Design/methodology/approach
The vector autoregressive-Baba, Engle, Kraft, and Kroner-generalized autoregressive conditional heteroskedasticity model is used to capture the return and volatility spillover effects between different financial assets. The data cover the period from October 2013 to May 2021. The full period is divided into two sub-sample periods, the pre-pandemic period and the during-pandemic period, to examine whether the financial turbulence caused by COVID-19 affects the interconnectedness between the assets.
Findings
The stocks in Southeast Asia, bitcoin and gold become more interdependent during the pandemic.

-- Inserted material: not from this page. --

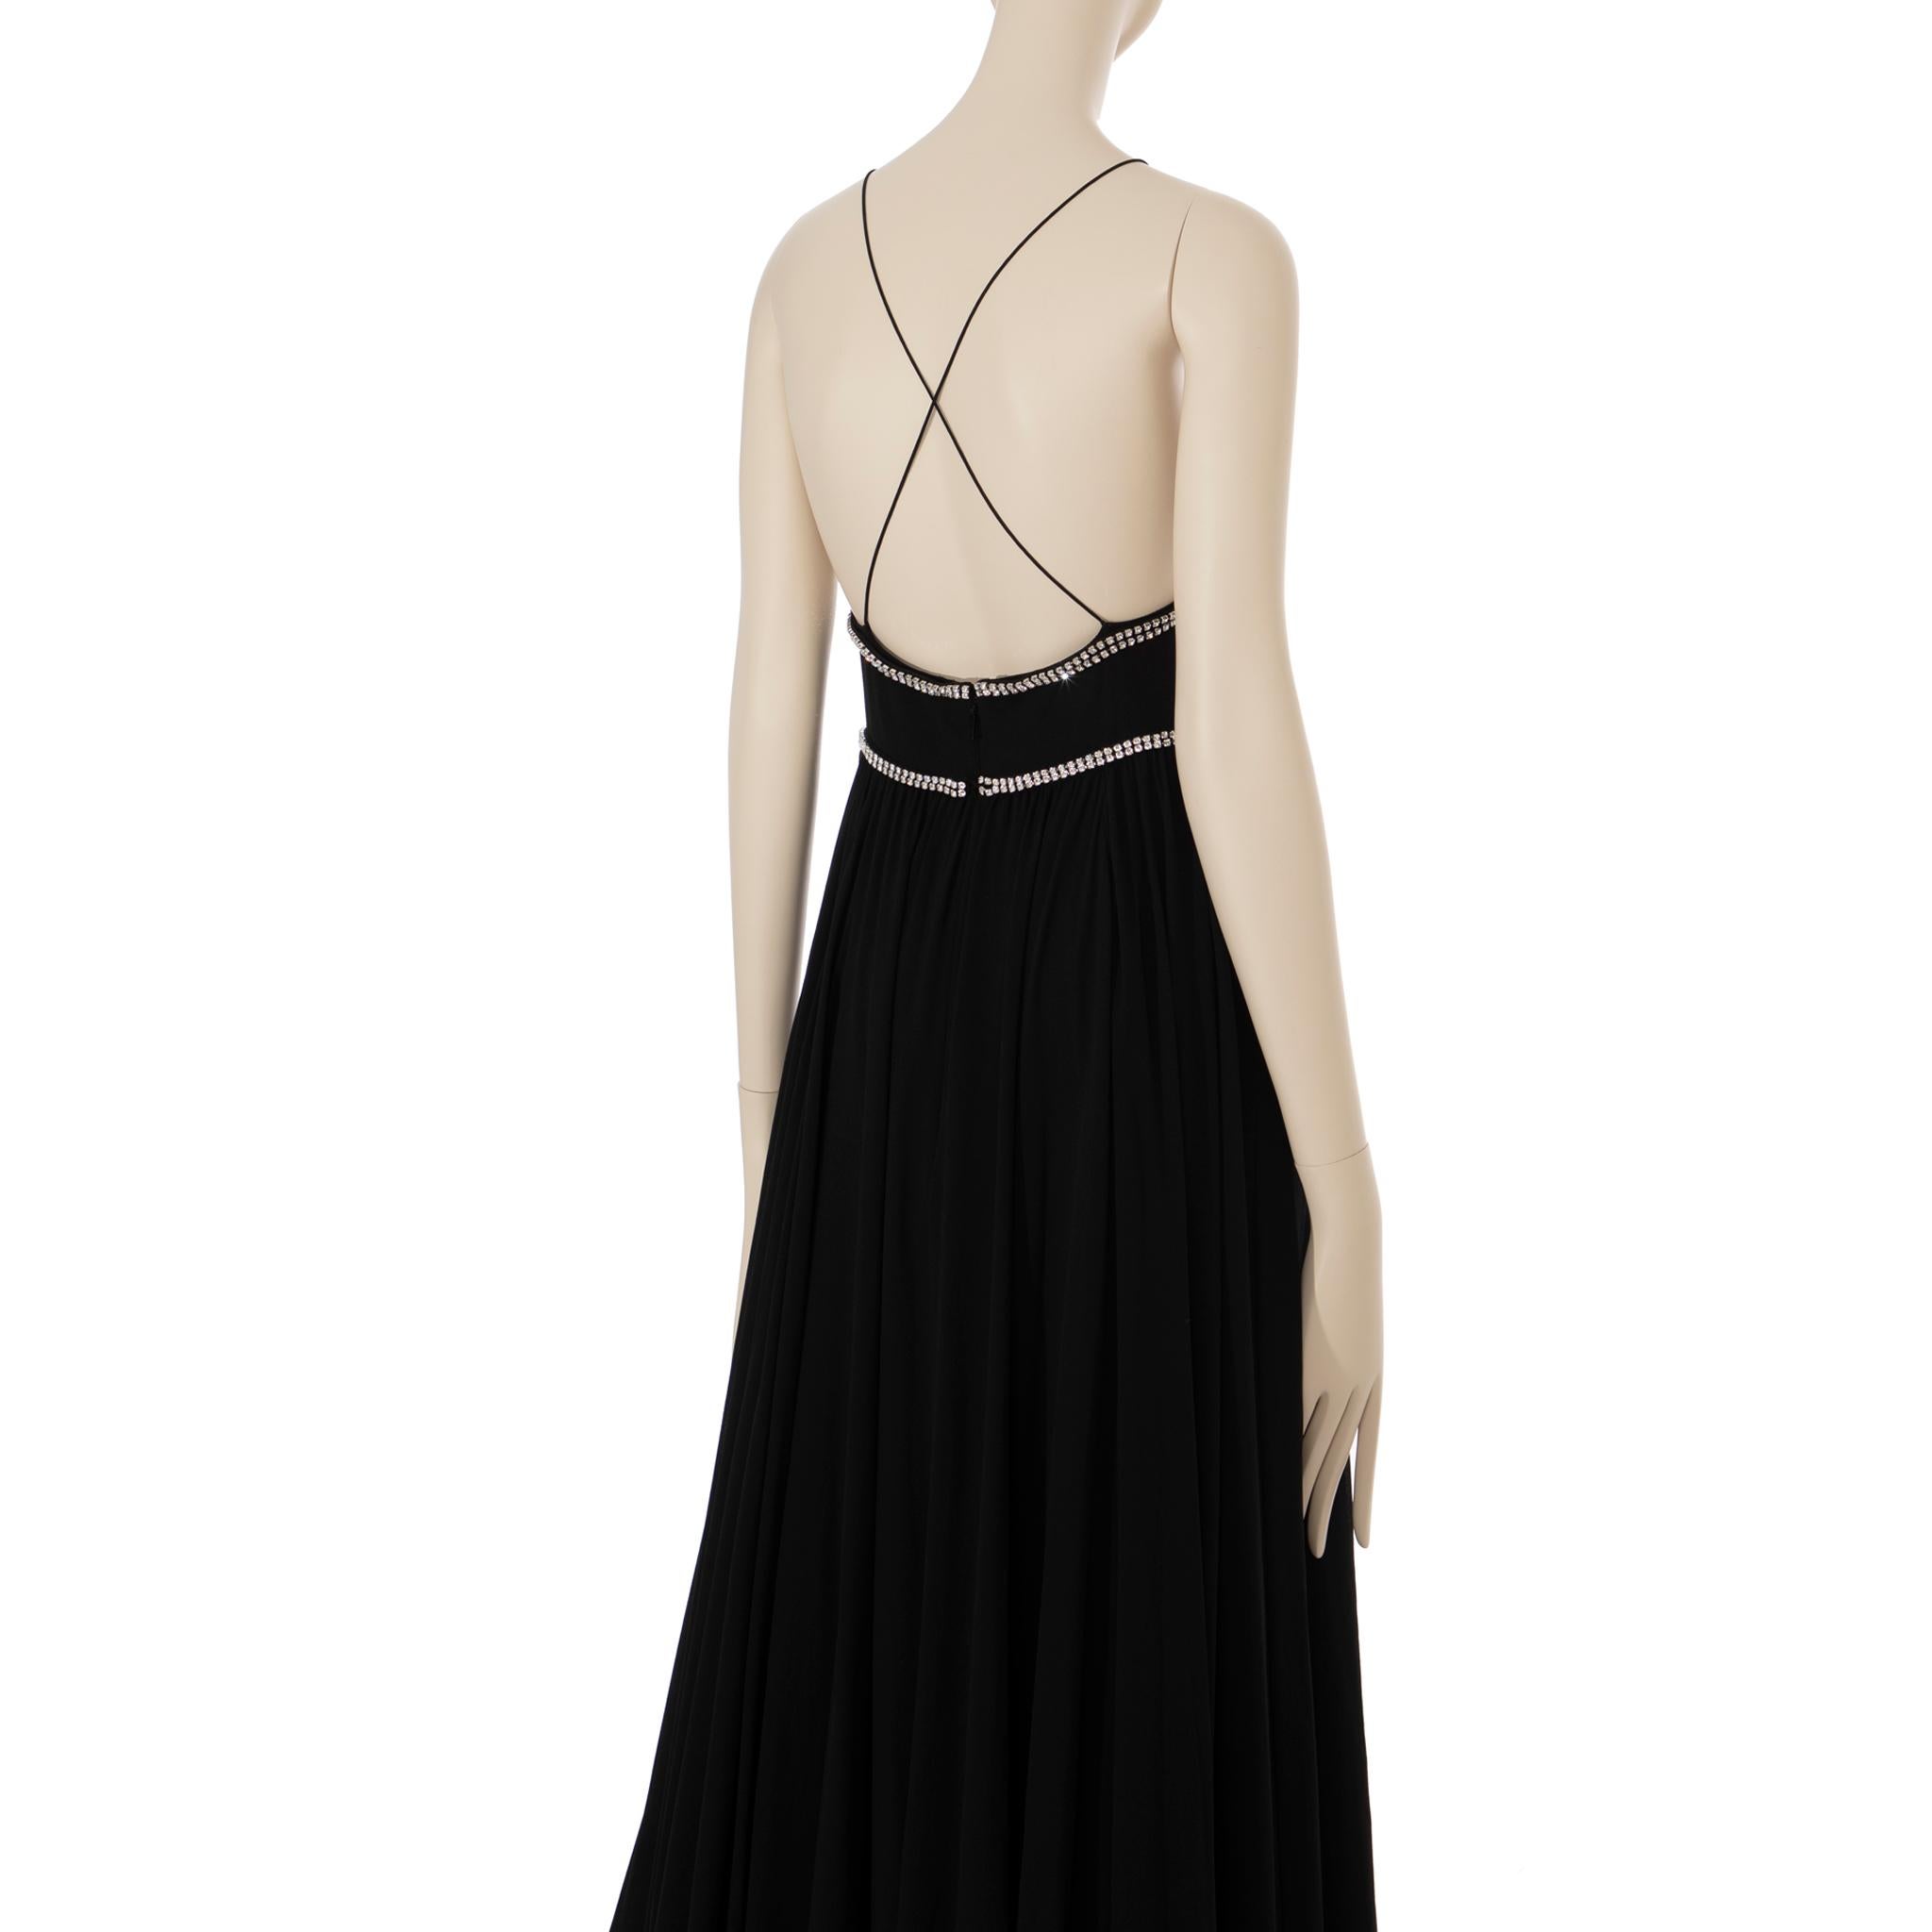 Saint Laurent Black Evening Gown With Crystal Details 38 FR For Sale 4
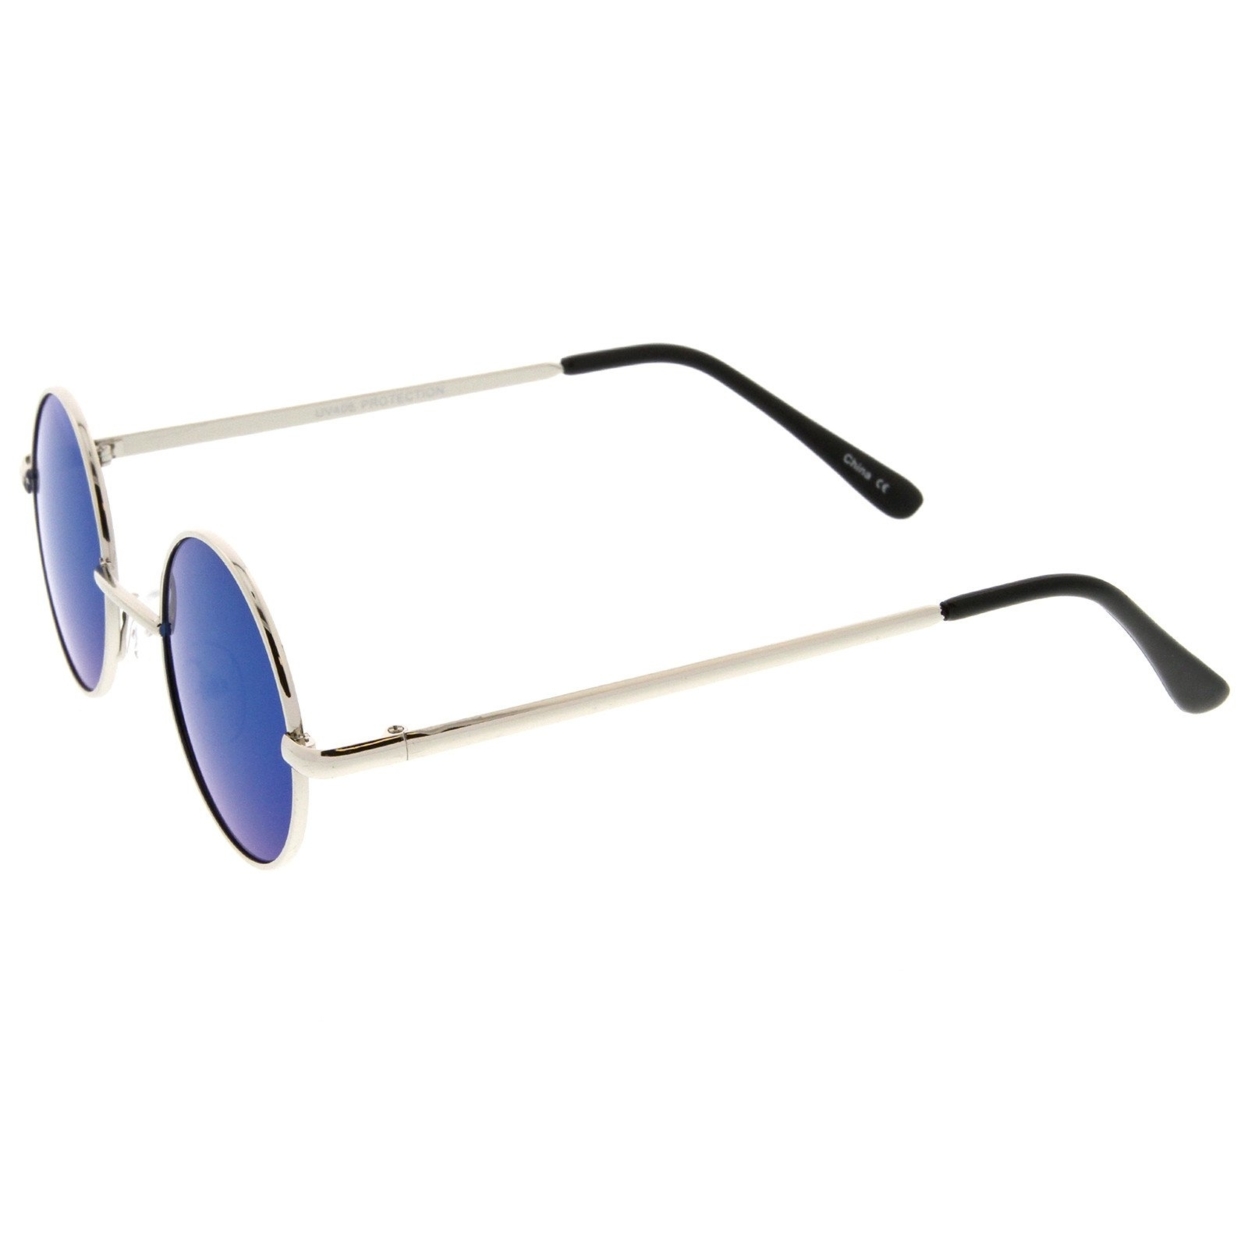 Small Retro Lennon Style Colored Mirror Lens Round Metal Sunglasses 41mm - Silver / Yellow Mirror

During turbulent times, the contagion effect is inevitable regardless of region and asset class. Furthermore, bitcoin does not provide protection for investors in Southeast Asia. The pricing mechanism and technology behind bitcoin are different from common stocks, yet the results indicate the co-movement of bitcoin and the Singaporean and Thai stocks during the crisis. Finally, risk-averse investors should ensure that gold constitutes a significant proportion of their portfolio, approximately 40%–55%. This strategy provides the most effective hedge against risk.
Originality/value
The mean return and volatility spillover is analyzed between bitcoin, gold and two preeminent stock markets in Southeast Asia. Most prior studies test the spillover effect between the same asset classes such as equities in different regions or different commodities, currencies and cryptocurrencies. Moreover, the time-series data are divided into two groups based on the structural break caused by the COVID-19 pandemic. The findings of this study offer practical implications for risk management and portfolio diversification. Diversification opportunities are becoming scarce as different financial assets witness increasing integration.